Евген изнемог, два месяца подряд, ночами, впрессовывая в «Сонатеныша» вызревание его духа и сознания в катарсисных событиях. Обрушивала их на него Чечен-Аульская юность. Логически-неумолимо вплавились в канву музыкального повествования: налет черной Химеры, напавшей на Орлову с новорожденным Евгеном в поле (он помнил это спинным мозгом) и драка с озверевшим истязателем дворняги Зубарем, и снежно-красный ужас выселения чеченцев, впитавшийся в каракуль найденой в схороне папахи, и вожделенная тоска нагого и костлявого Ирода над разлагающимся трупом Мариаммы в Иудее на двадцать третий день Элуло-Горпиая. Нерасшифрованность событий, к которым подключало Евгена Нечто, терзала его сущность. И он еще тогда, в Чечен-Ауле, познавший ноты и игру на баяне по самоучителю, хотел бы воплотить ее в созвучия аккордов, в могучую гармонию полифонии, звучащую в нем. Но, не имея фортепиано, расчерчивал его клавиатуру на бумаге и приспосабливал – гонял по ней немые пальцы – мелодия звучала в голове. Он изнывал, в попытках прорваться к сути творящегося с ним. Изнемогал, стремясь постичь младенческим разумом Бородатого, тянувшего на себе земельно-крестьянское дело, которое рвала на клочки сионо-псовая стая, оседлавшая империю.

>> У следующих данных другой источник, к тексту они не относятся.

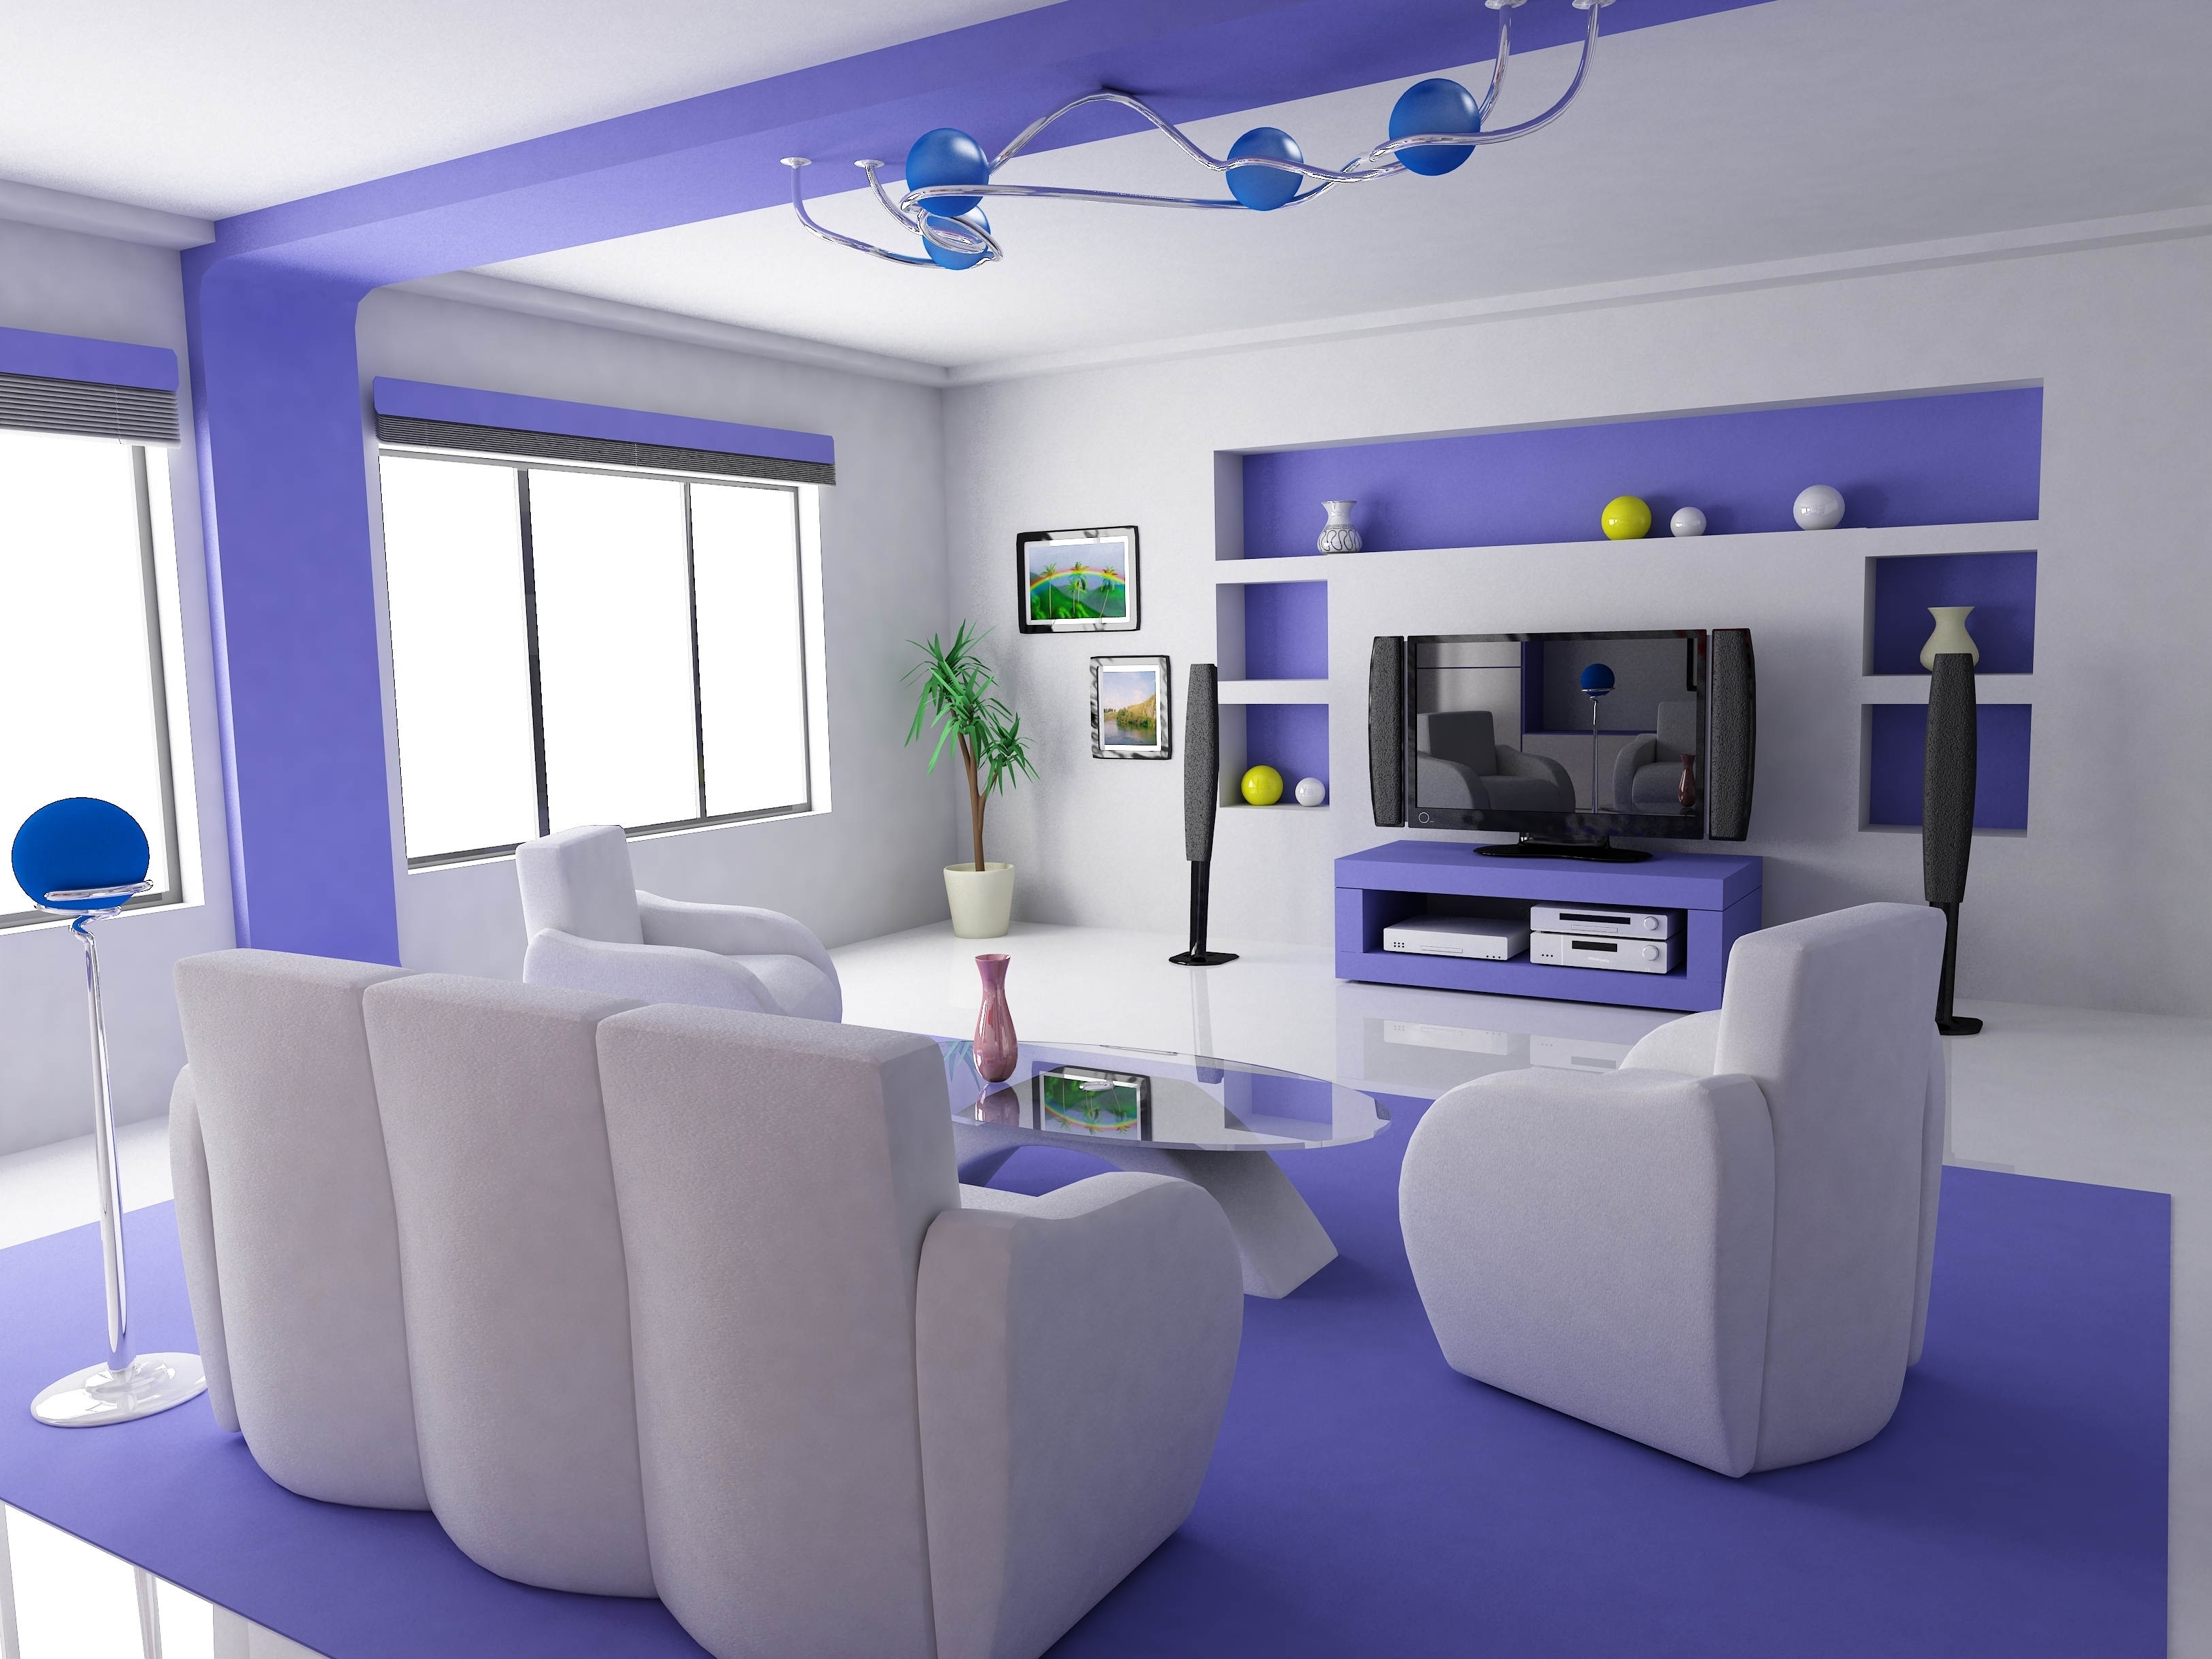 Free HD miscellanea, cinema, interior, miscellaneous, design, sofa, graphics, living room, chairs, chandelier, armchairs

Всем этим Евген и попытался нафаршировать своего «Сонатеныша», дорвавшись до настоящей рояльной клавиатуры. С помощью Ирины он сделал за два года невозможное, пройдя программу музшколы и половину музучилищной. С чудовищной, таранной энергетикой с вихревым блеском играл уже «Полишинеля» и «Прелюд» Рахманинова, первые части «Аппассионаты», «Лунной» и «Патетической» Бетховена, чем вверг хроническую отличницу Ирэн, отдавшей музыке тринадцать лет из двадцати, в непроходящий восторженный ступор. Он мистически овладевал ею, когда играл, Чукалин.
«Сонатеныш» обрел законченную форму этой ночью… Остался лишь один неразрешимый штрих: подать последний аккорд в миноре… или в мажоре… В мажоре с «до» – нелогично… В миноре с «си» – беспросветно.
– Э-э, Чук, твоя пришла! – Вломился в слух Чукалина, царапнул бесцеремонностью голос Вована. Бандурин медленно прожевывал шмат мяса. Воловий взгляд тяжеловесного кумира уперся во входную дверь, куда вошла Ирэн. Евген, не поднимая глаз, не поворачивая головы, почуял: обкромсано-гайдаровское «Чук» (вместо Чукалина) из уст Вована жжет нутряным, пока что усмиренным гневом. Ну не любил он Чука с Геком! Не принимала столыпинская душа этих шлифовано-малиновых Буратино, как не терпел он и создателя их Гайдара, созревшего в шестнадцать лет до кровожадной акции: кромсать карательною шашкой с эскадроном крестьянские голодные бунты, с коих сдирала шкуры заживо сионо-большевистская орда… Клубилось на дне сознания Евгена отравленная муть предвидения: выползет во власть в свет из этого гайдаро-серпентария столь же зубасто-ядовитое отродье: щекасто-хомяковый выродок. Выползет и хлестнет, почище деда, кровавым и хапковым геноцидом по Отечеству.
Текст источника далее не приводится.